| EXERCISE DETAILS |
What is needed is an exact transcription of the listing, with the images removed.

| GIVEN DATA |
============

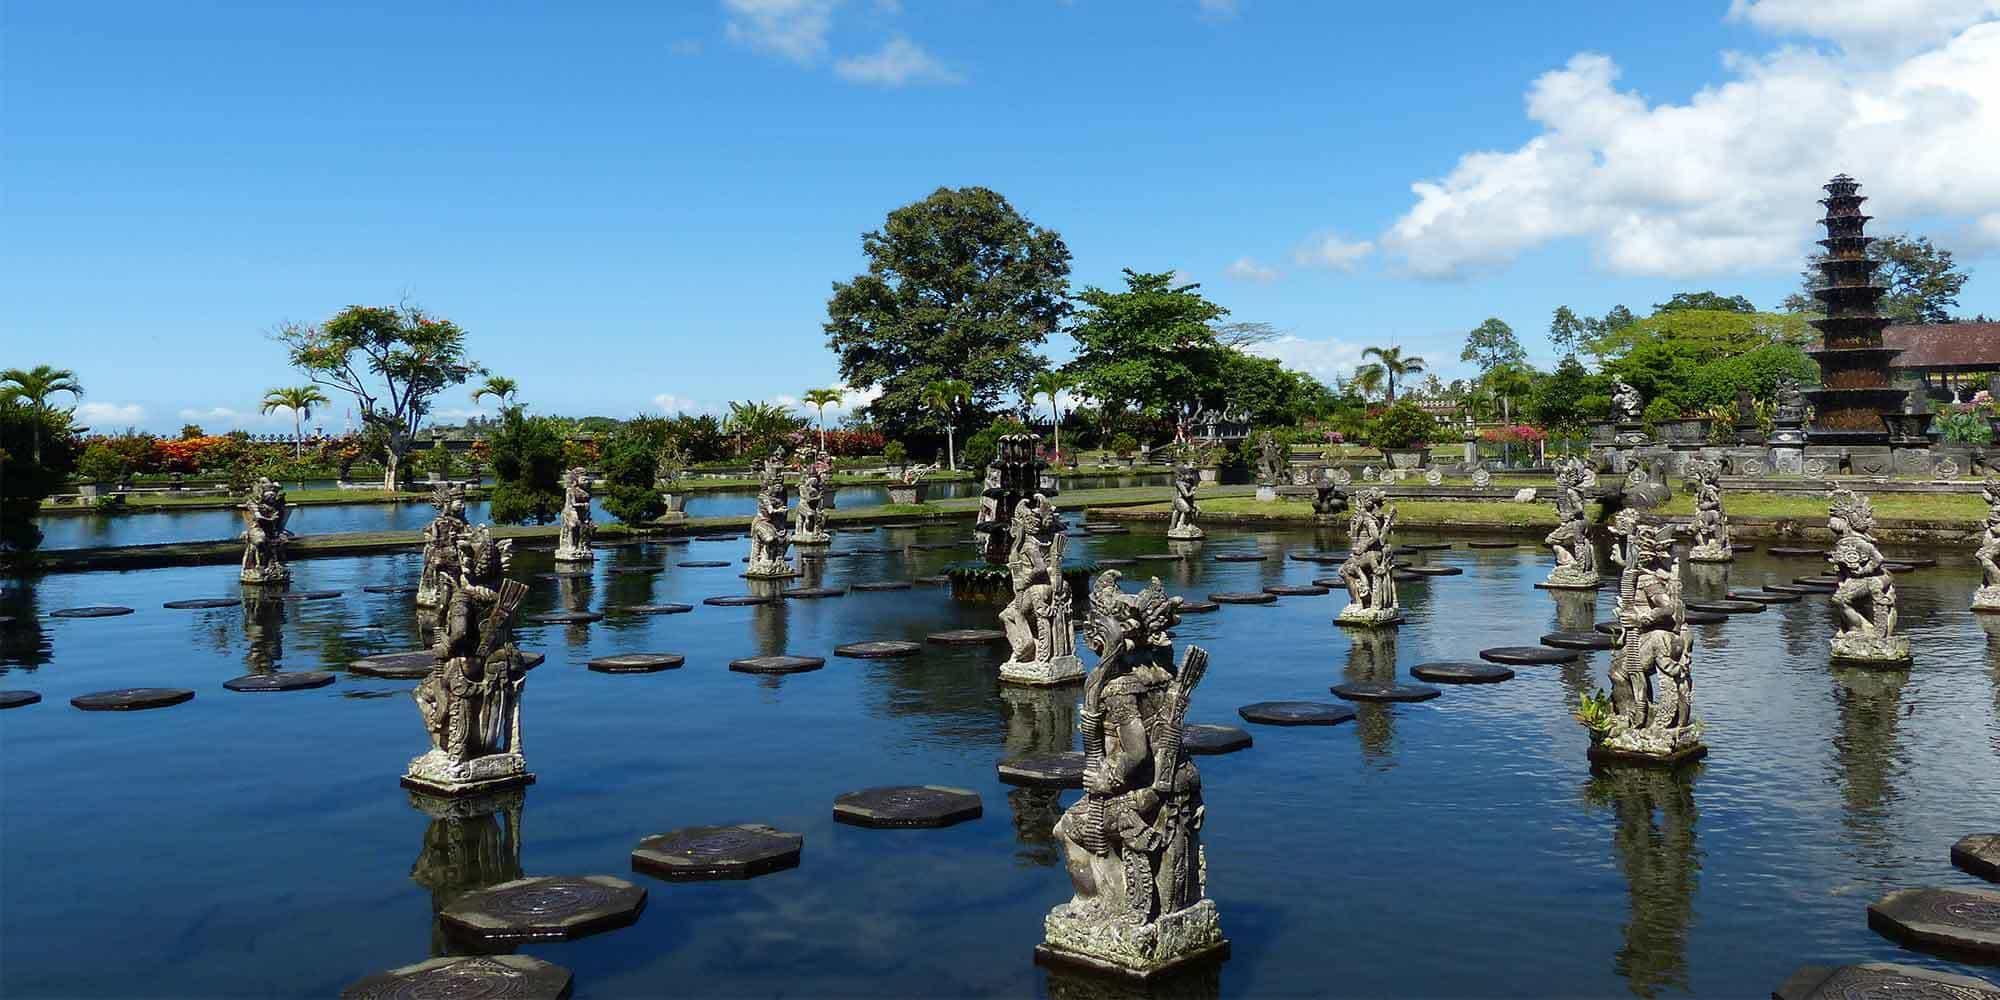 sidemen bali palais de l'eau indonésie
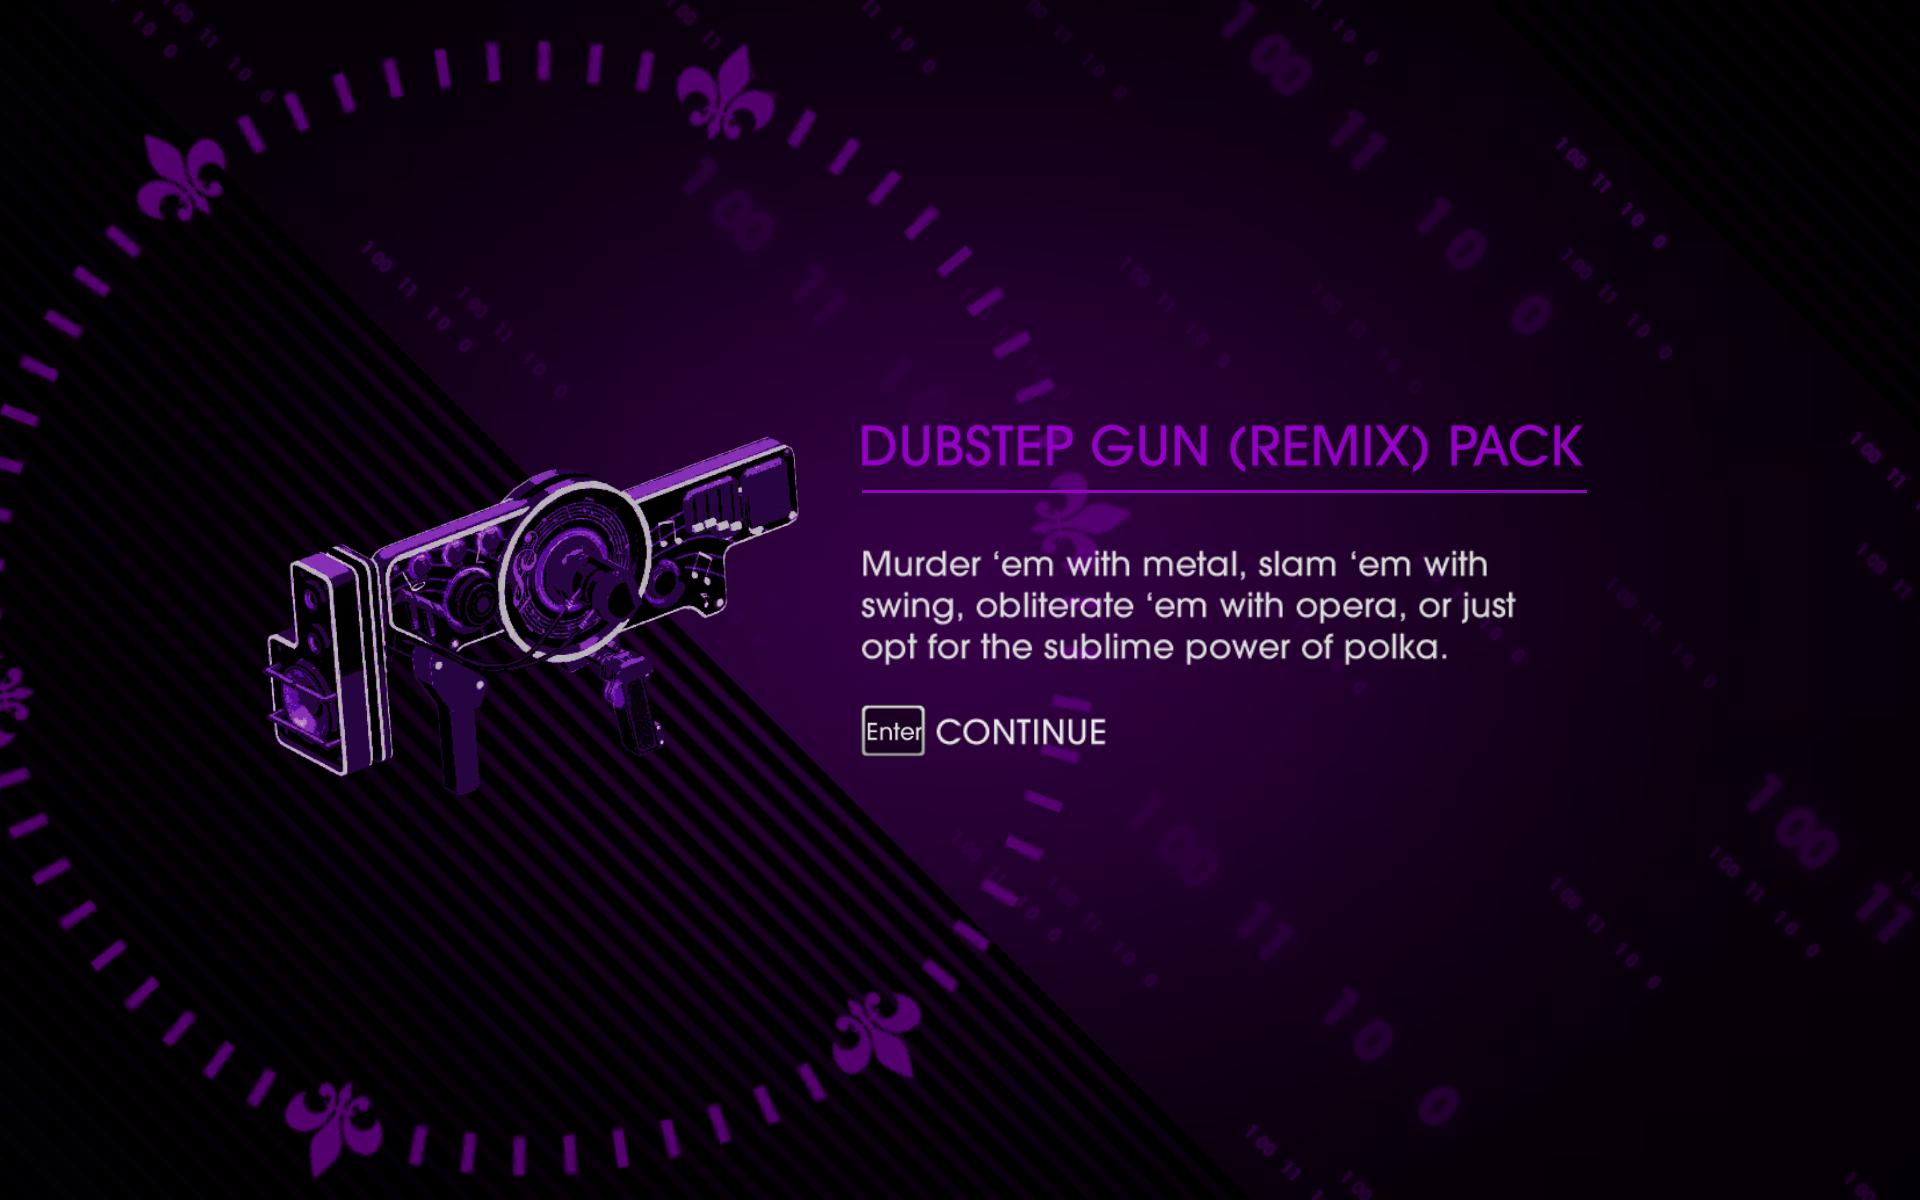 Image - Saints Row IV - Dubstep Gun (Remix) Pack unlock ...
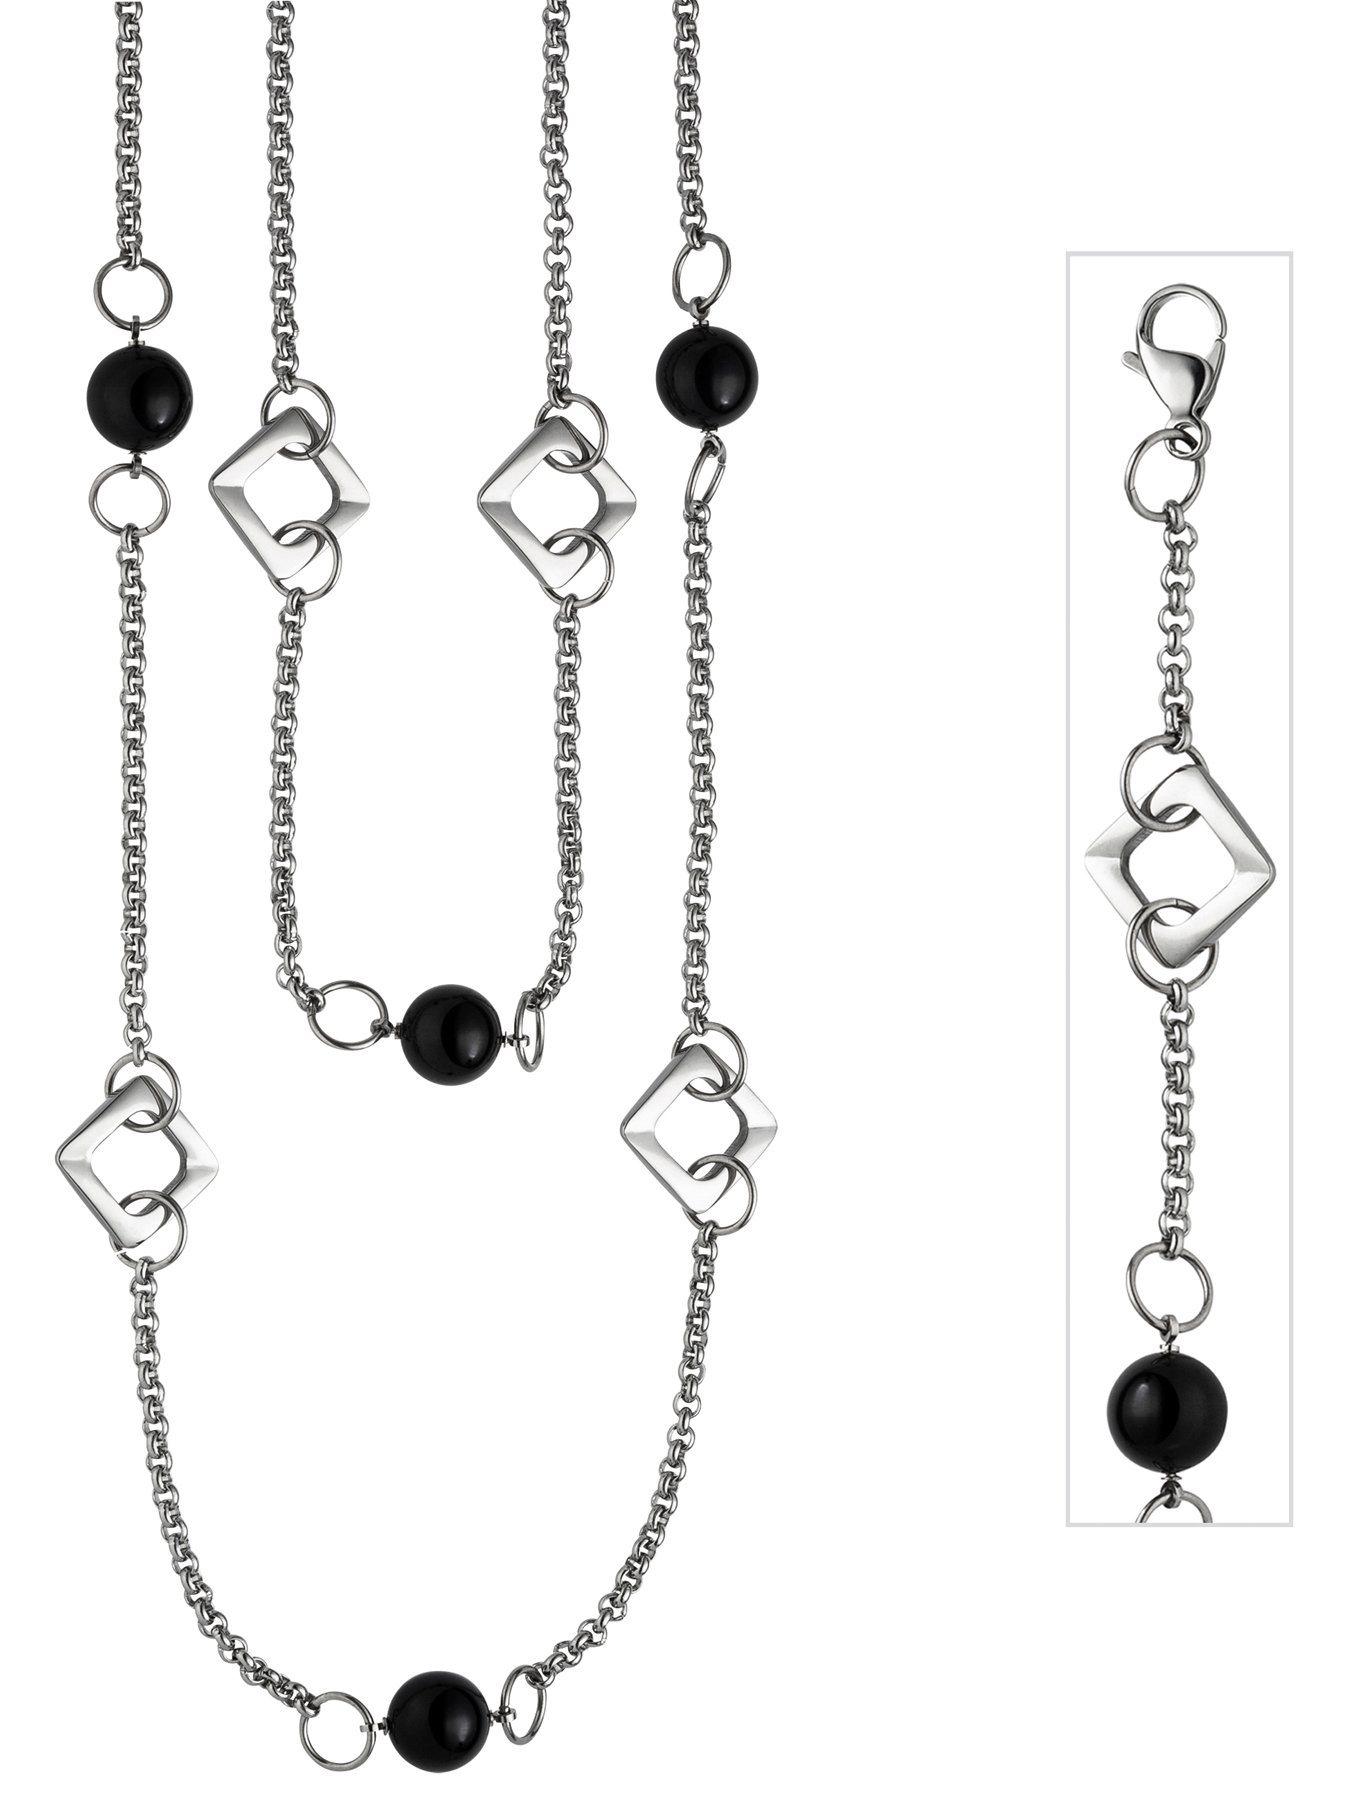 Adelia´s Kette ohne Anhänger Edelstahl mit Achat L - 55 cm | Schmuck > Halsketten > Ketten ohne Anhänger | Adelia´s
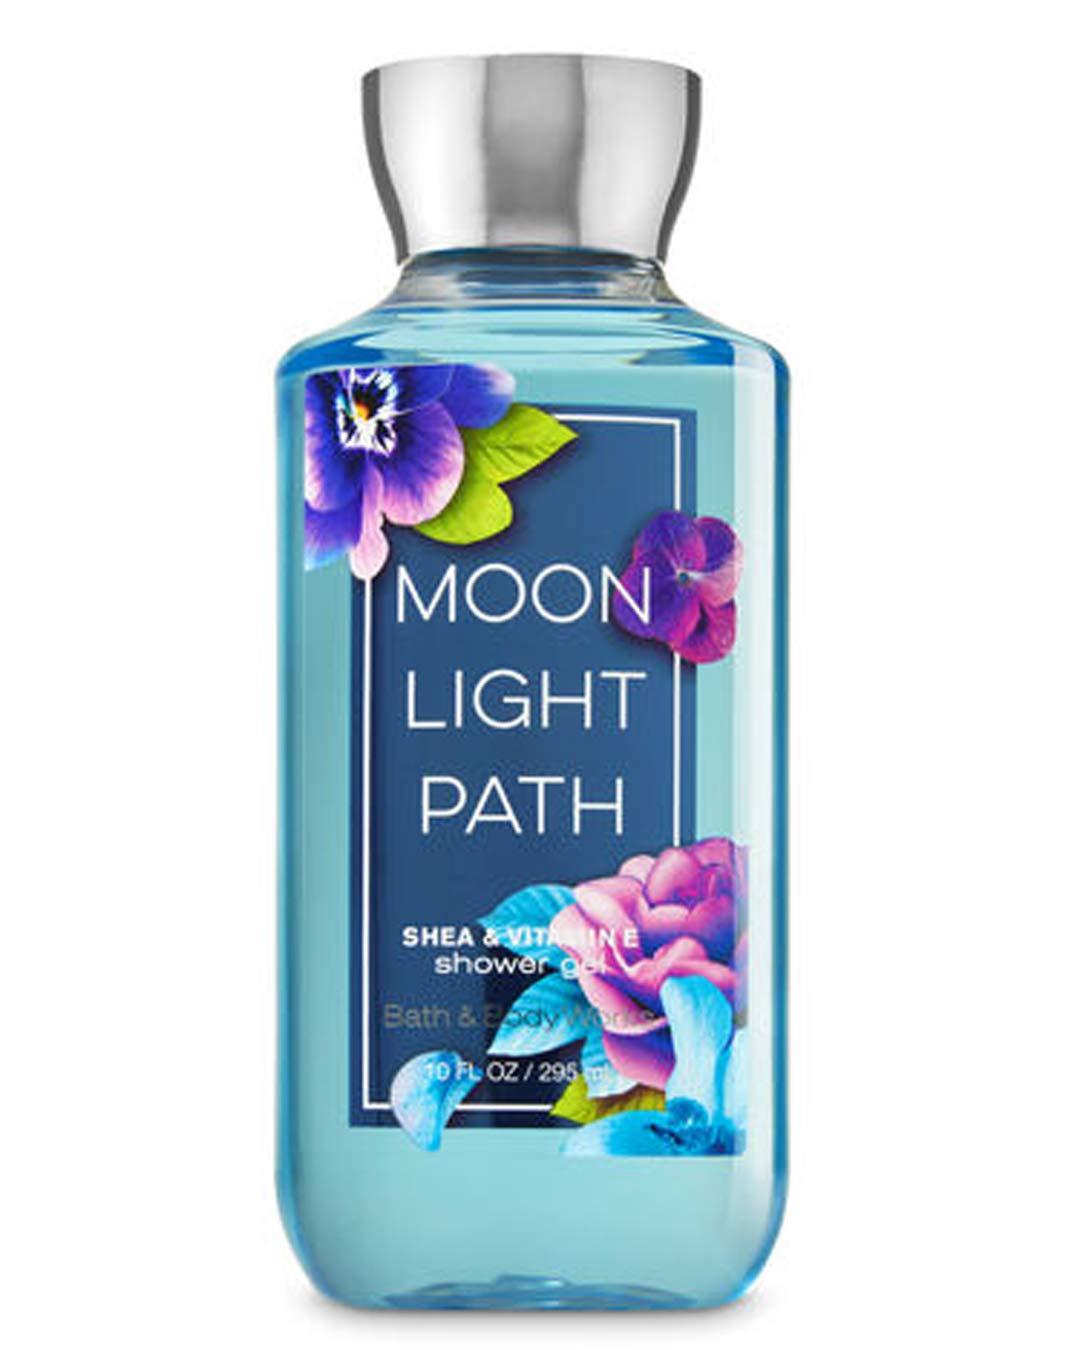 Bath & Body Works Moonlight Path Shower Gel For Women, 295

============

| RESULT BELOW |
 sidemen bali palais de l'eau indonésie
 Image - Saints Row IV - Dubstep Gun (Remix) Pack unlock ...
 Adelia´s Kette ohne Anhänger Edelstahl mit Achat L - 55 cm | Schmuck > Halsketten > Ketten ohne Anhänger | Adelia´s
 Bath & Body Works Moonlight Path Shower Gel For Women, 295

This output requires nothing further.